== PROMPT ==
Word for word, copy out the data below, omitting pictures.

== DATA SEGMENT ==
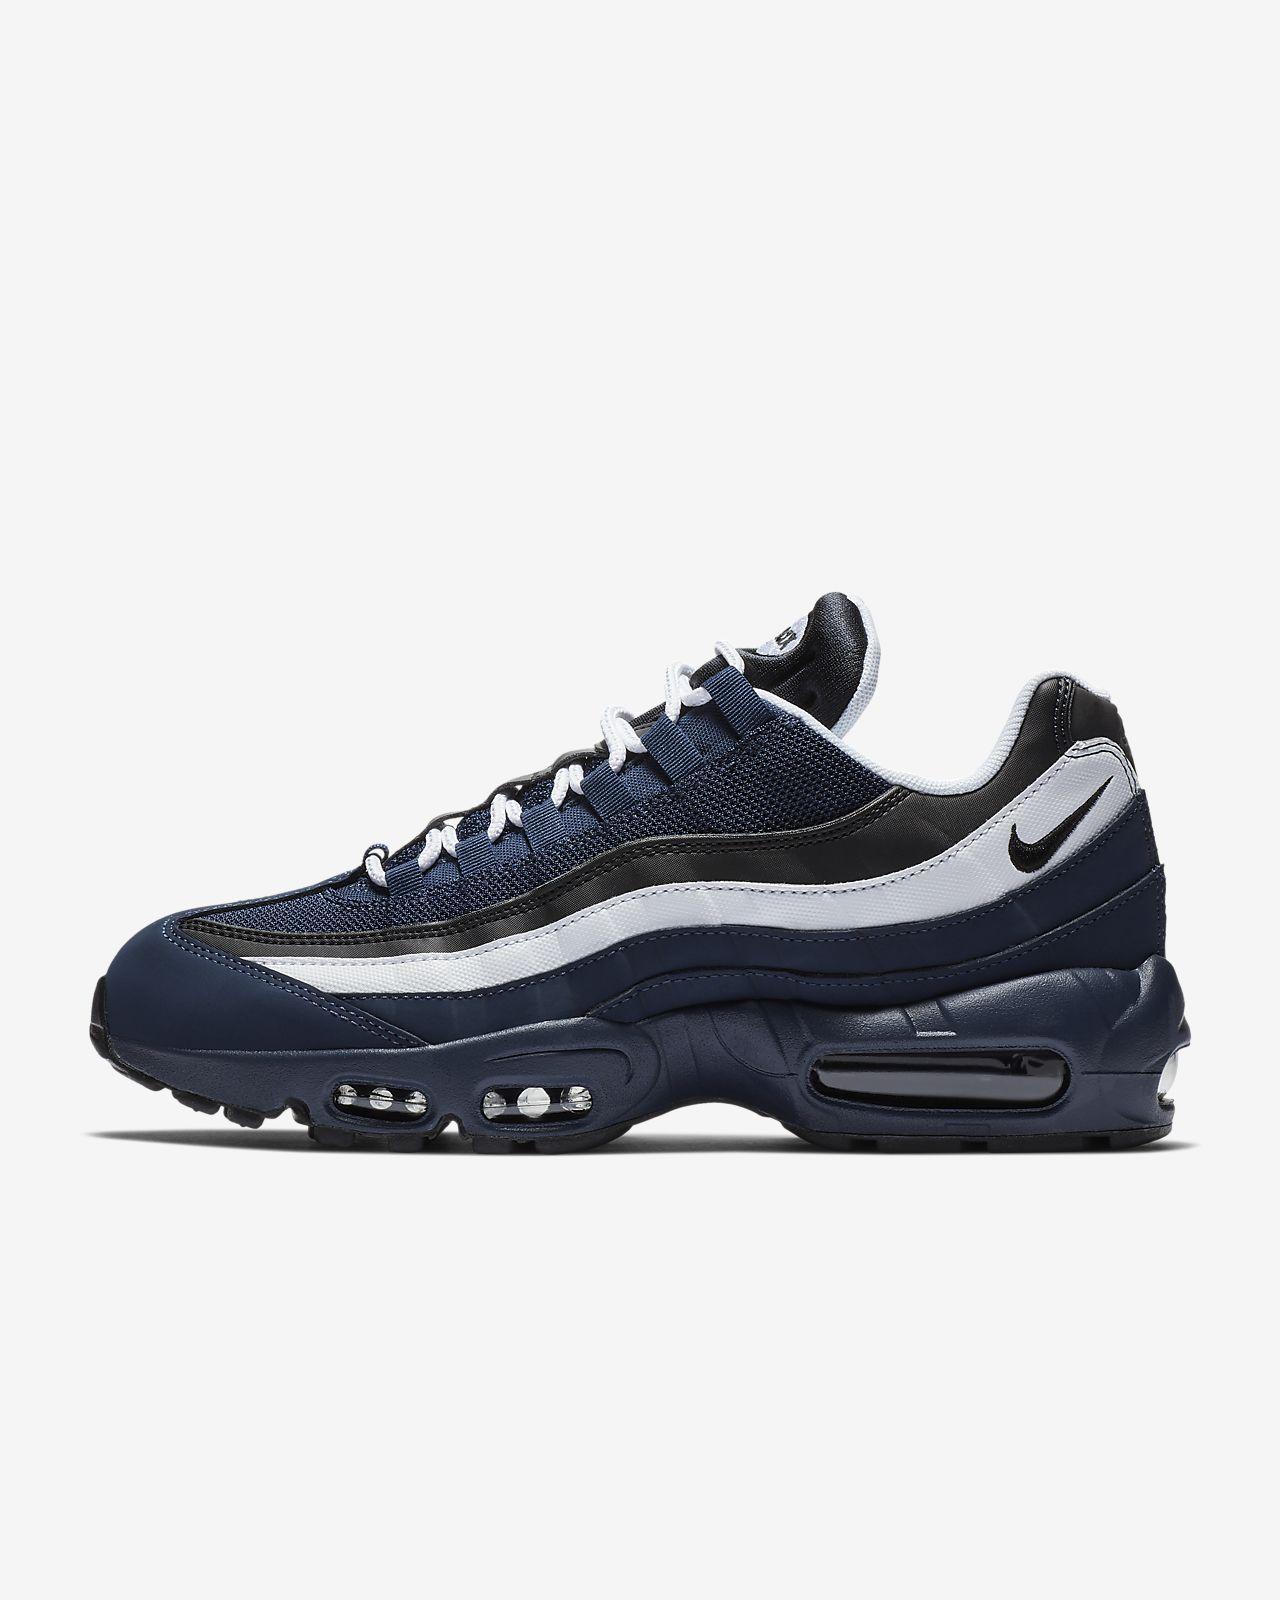 in stock 1339d 325d6 ... Nike Air Max 95 Essential-sko til mænd
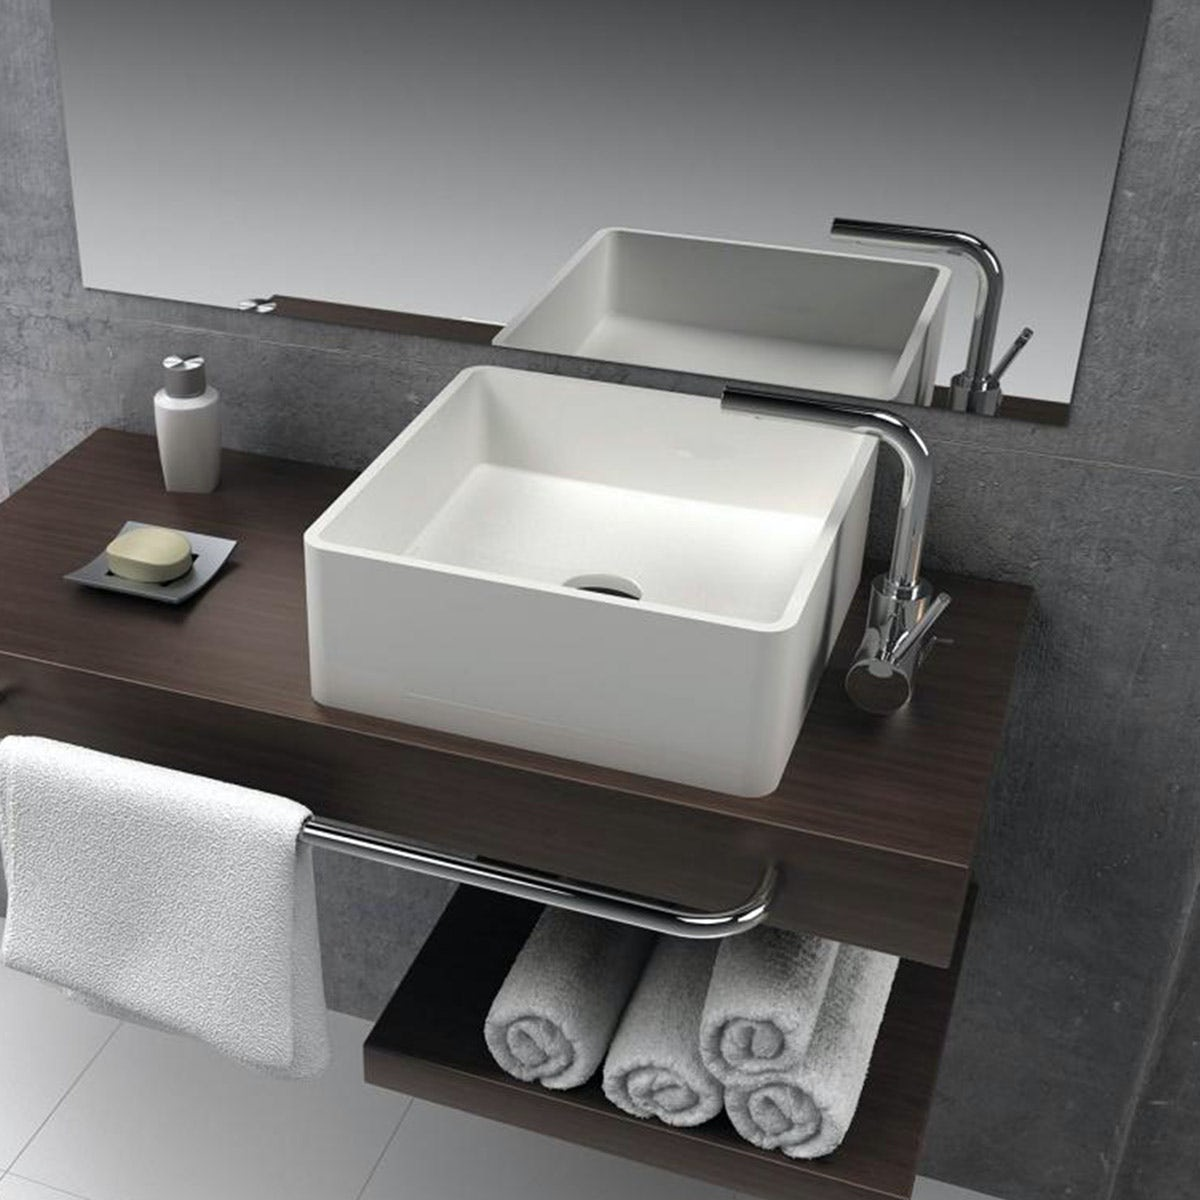 Belle de Louvain Carpi solid surface stone resin square counter top basin 400mm
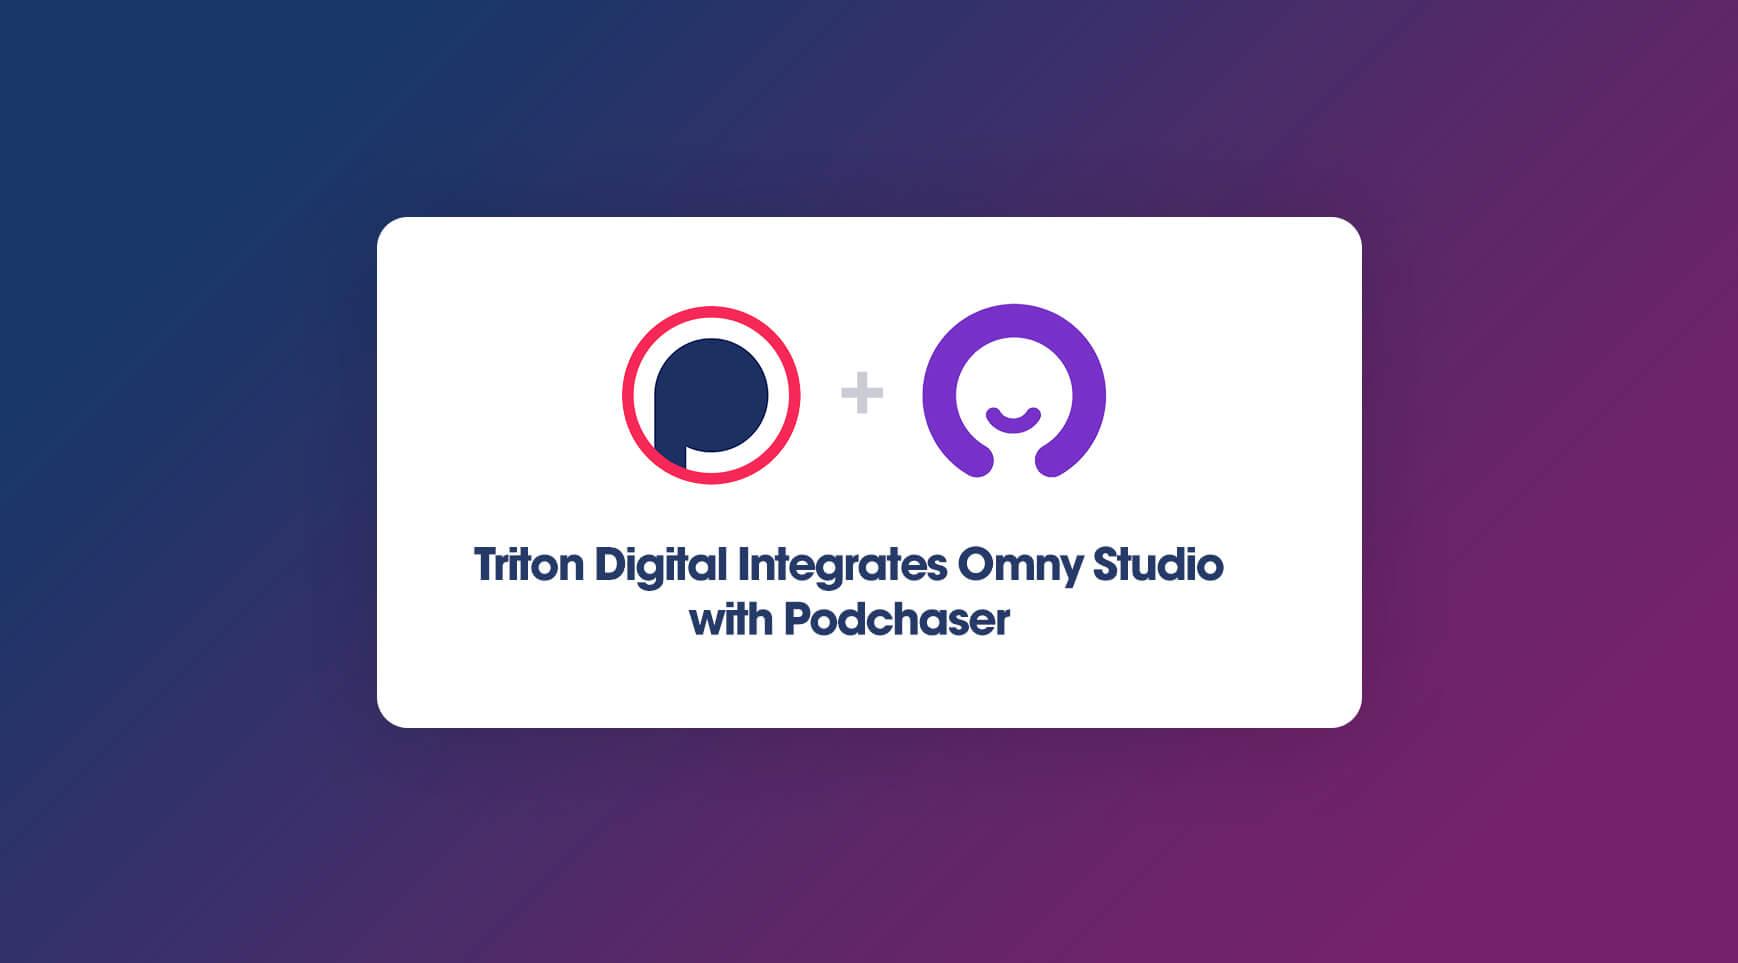 New! Add Creator & Guest Credits within Omny Studio

== TASK SOLUTION ==
 in stock 1339d 325d6 ... Nike Air Max 95 Essential-sko til mænd
 Belle de Louvain Carpi solid surface stone resin square counter top basin 400mm
 New! Add Creator & Guest Credits within Omny Studio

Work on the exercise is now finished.